Schema validation uses a cascading approach:
1. **Primary** - Full typed Pydantic validation
2. **Fallback** - Enhanced validation with type flexibility
3. **Manual** - String-normalized fallback for ambiguous data
This ensures your pipeline succeeds even with unexpected data variations.
## 🧪 Example Workflow (Conceptual)
- **Source**: JSON/NDJSON ingested through a connector
- **Validate**: Schema-checked with graceful fallback to keep data flowing
- **Transform**: Key casing/normalization applied; transformation metadata added
- **Store**: Written to the configured output target
- **Observe**: Live dashboard shows task progress, retries, and data diffs
Note: Transformation automatically adds lineage metadata fields whose key casing matches the selected `transform_mode`.
## 🎬 Demo
### Live Workflow Dashboard
Real-time visualization of agent execution, task dependencies, and data flow:

### Data Transformation Preview
See exactly what changed before and after transformations are applied. Highlighted fields show which keys and values were modified:

Sample transformation exhibited: `lowercase_keys` with `include_transformation_metadata` fields enabled.

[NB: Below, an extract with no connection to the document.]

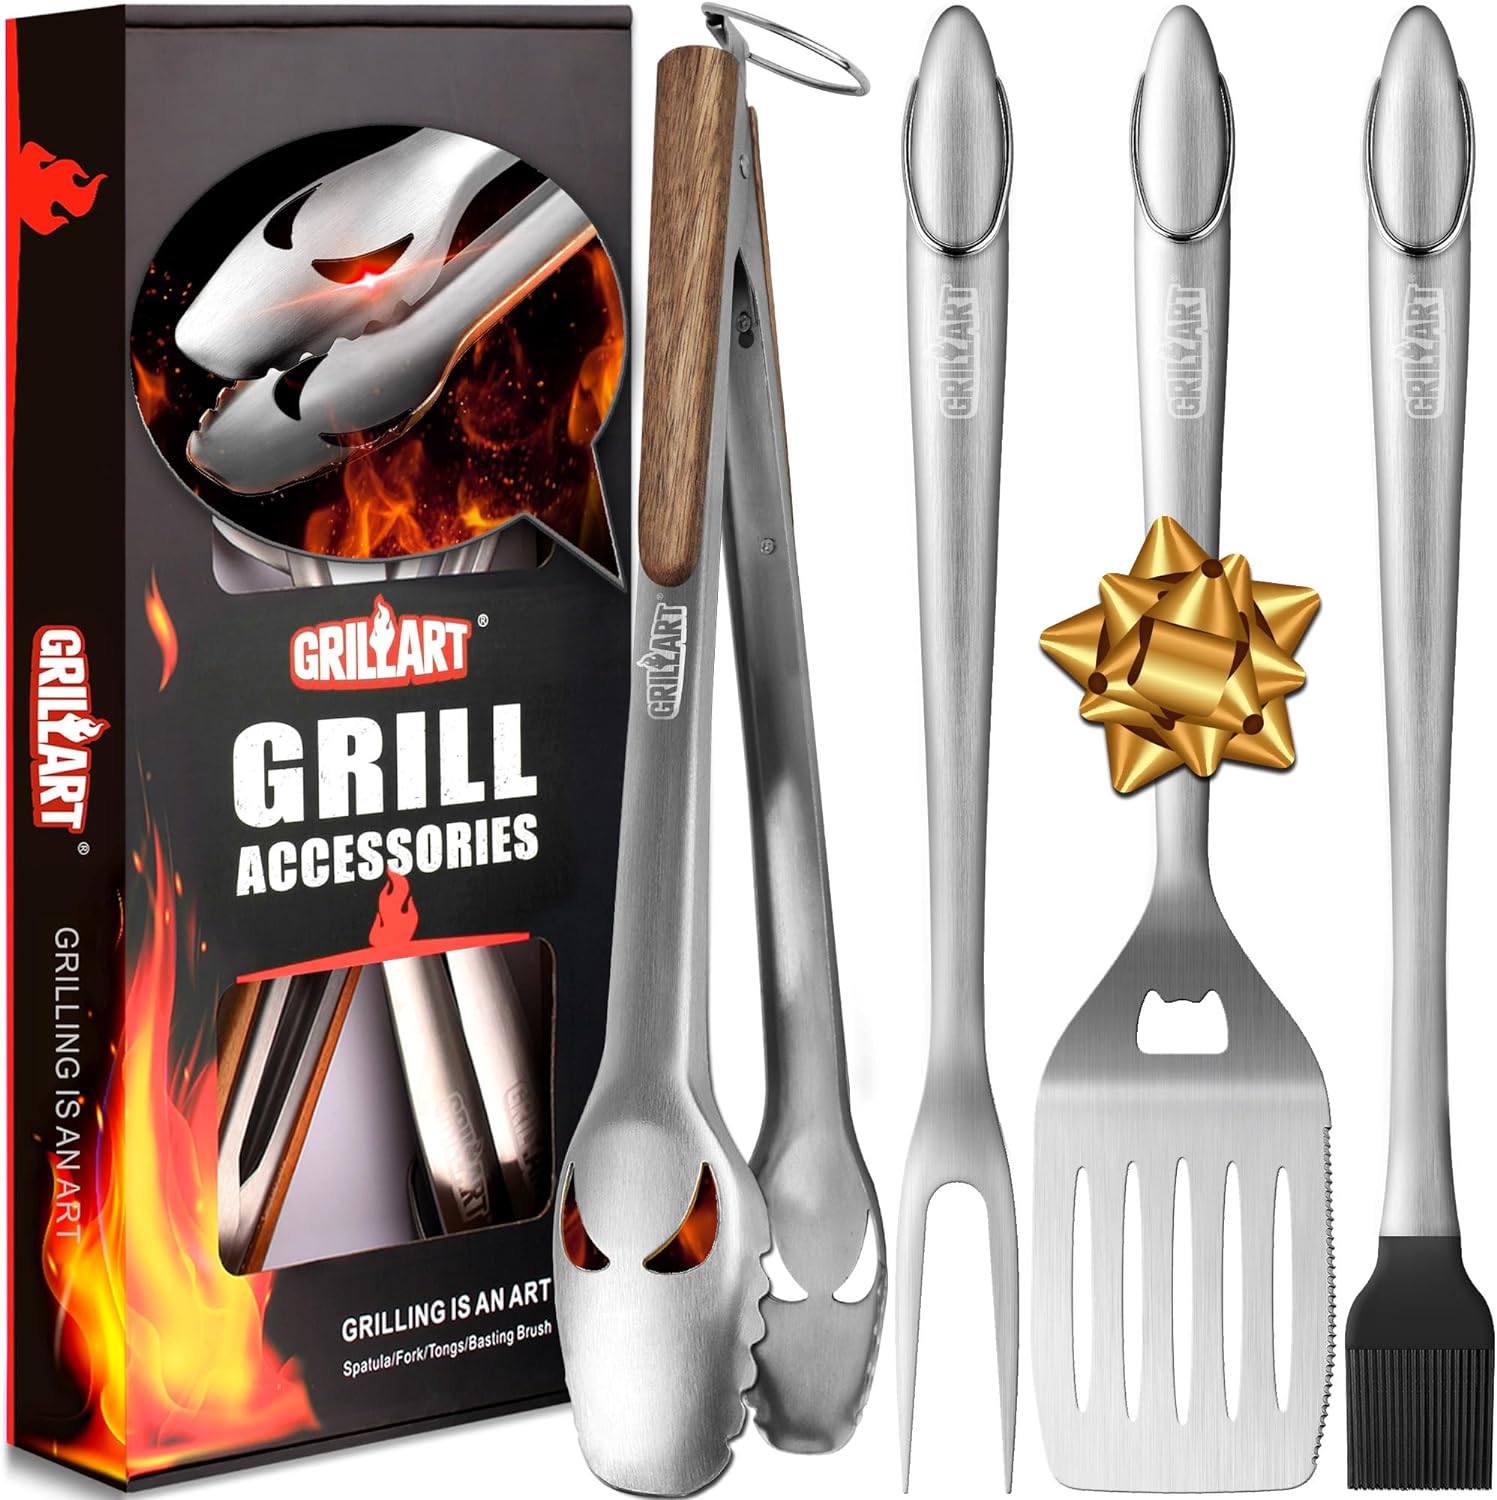 5 best barbecue tool sets in 2024

## 💪🏼 Quality & Reliability
- **Comprehensive testing**: 21 end-to-end scenario tests + 12 unit tests validate all agents, connectors, and transformation modes
- **Continuous verification**: Automated CI/CD pipeline (GitHub Actions) with static type checking, linting, and coverage reporting (Coveralls)
- **Production-ready resilience**: Built-in retries, automatic dependency ordering, stall detection, and graceful validation fallback
- **Observable & maintainable**: Full-stack observability through live dashboard; clean, modular architecture for long-term maintenance
## :pencil: License
All rights reserved.
This source code is proprietary. Unauthorized copying, modification, distribution, or use is prohibited without explicit permission from the author.